Разделись, не чувствуя ни тепла, ни холода.
Химик вспрыгнул на помост перед доской и уже без надрыва объявил:
— Сегодня зачеты по пройденному материалу. Вот здесь (поднял руку с конвертом) у меня билеты. Вас пятнадцать человек. Сядьте по одному.
Пока рассаживались, он соскочил с помоста и побежал по проходу, нагибаясь к столам — не спрятаны ли учебники или шпаргалки.
На обратном пути перед каждым положил квадратик бумаги с вопросами и чистый тетрадочный листок.
— Не теряйте времени, начинайте. Замеченный в подглядывании будет немедленно удален с плохой отметкой.
Уткнулись в бумажки.
Егор никак не мог прочитать вопрос, то есть читал десятый раз не понимая… Заранее был уверен, что не ответит… Уставился в стол перед собой.
В голове карусель. Девушка-старшина из военкомата… Скрипка в столовой… Рассыпанные опилки… Поганая морда Гитлера… Оказывается, Рывчик был на фронте…
Отодвинул листочки, так противно, так тщательно обрезанные, с подписью учителя в уголке, чтоб, не дай бог, кто-нибудь не подменил…
Когда-то, в далеком предвоенном году, отец подарил большую коробку — «Химик-любитель». Целая лаборатория с пробирками, колбами… Егор не мог оторваться. Не было ничего интересней… И вот учитель привил отвращение, ненависть к химии. Она стала означать только судорожную зубрежку, боязнь провалиться, навлечь гнев… Зачем это? Почему в каждом он видит мошенника, нерадивого дурака? Почему учеба должна опираться на страх?.. Зачем обнюхивать столы? Никто ведь не решится принести шпаргалку, он знает, и все-таки обнюхивает… Зачем оскорблять?.. Малинин вот… Он скоро призывается, на фронт пойдет… Обругал еловым пнем…

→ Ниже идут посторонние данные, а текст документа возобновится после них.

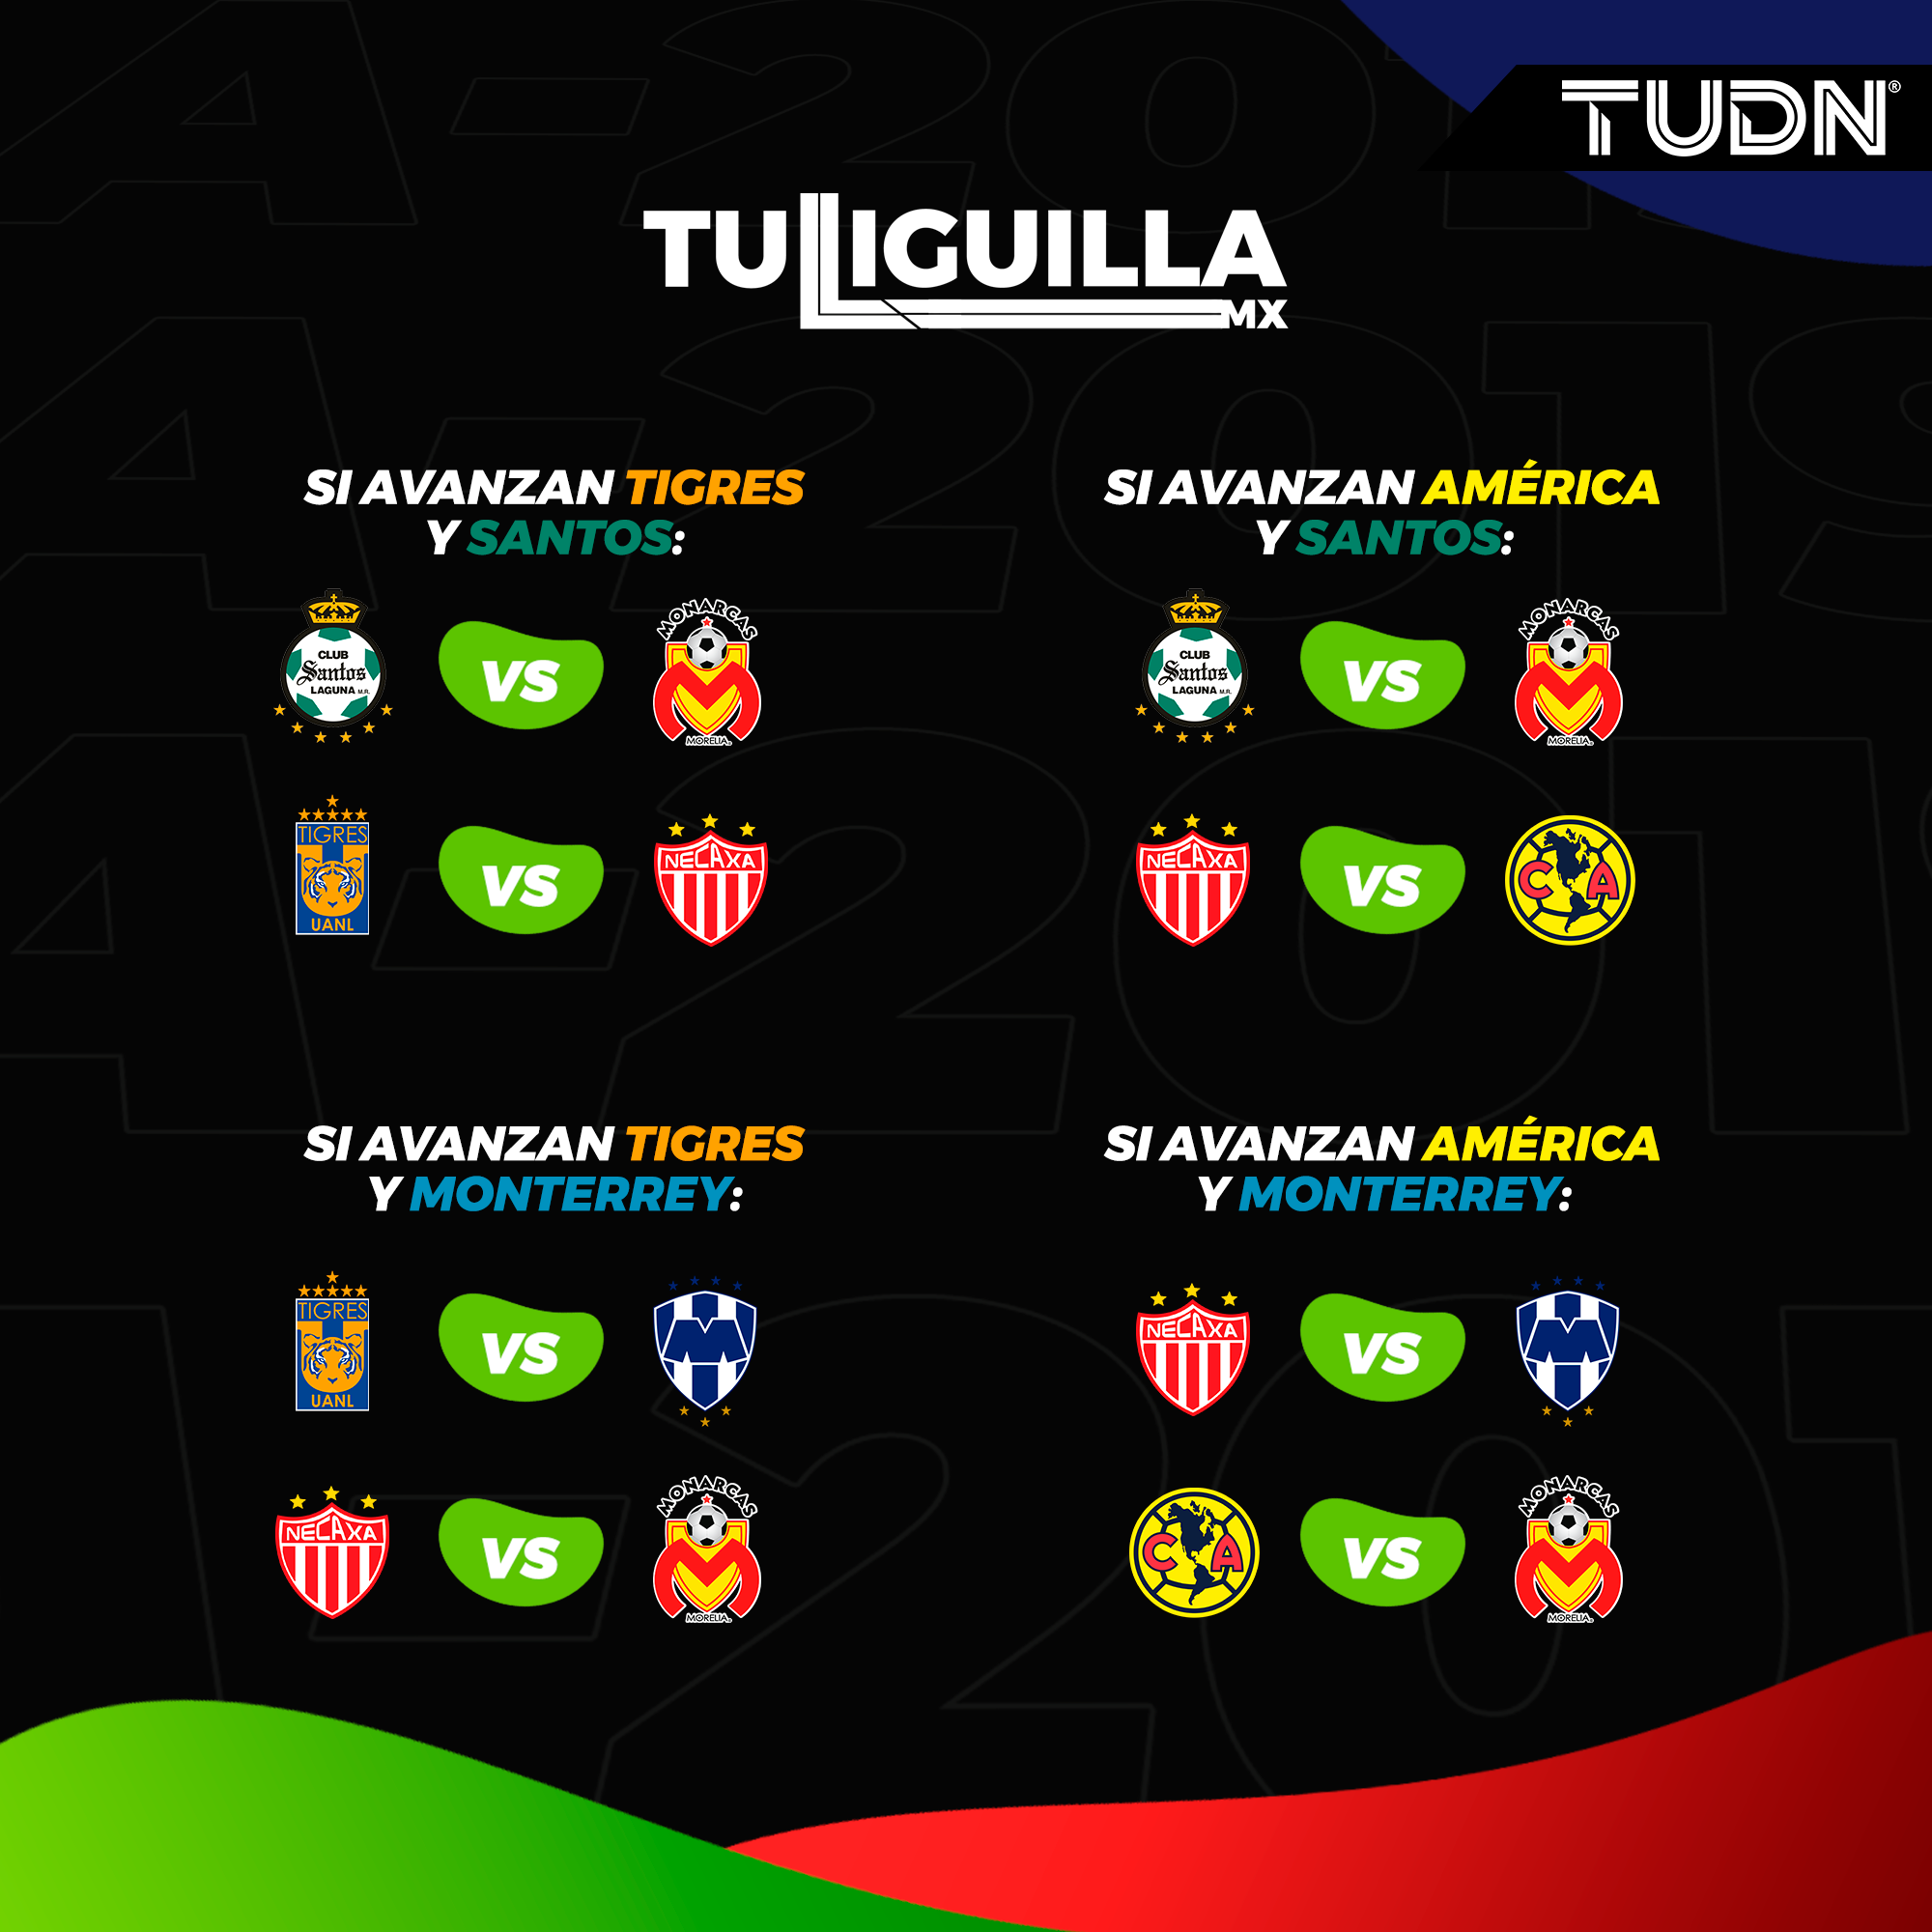 semifinales de la liga mx 2020

Егор почувствовал голод, ослабли руки, закружилась голова… Листки на столе показались ненужными, и все вокруг бездушная формальность…
— Пчелин! У вас что, фэномэнальная память? Вам писать не надо? — загремело откуда-то сверху.
«Пчелин… Пчелин… Да это ж моя фамилия, — с удивлением вспомнил Егор. — Это он мне кричит…» И сидит не двигаясь.
— Вы меня слышите, Пчелин? Или уснули, чего доброго.
И странно — страх пропал; впервые за все время Егор ощутил спокойствие и безразличие к человеку, бесновавшемуся у стола…
И тут, все прерывая, школу затопил вой сирены. Голос ее отбросил происходящее прочь, заставил вскочить.
— Билеты оставить на столах! — заверещал химик, но его уже не слушали.
Мигом расхватали одежду, выскочили на лестницу. Там бушевал и колотился тревожный вой.
— Все в газоубежище! — разносилось в темноте. — Учебная тревога!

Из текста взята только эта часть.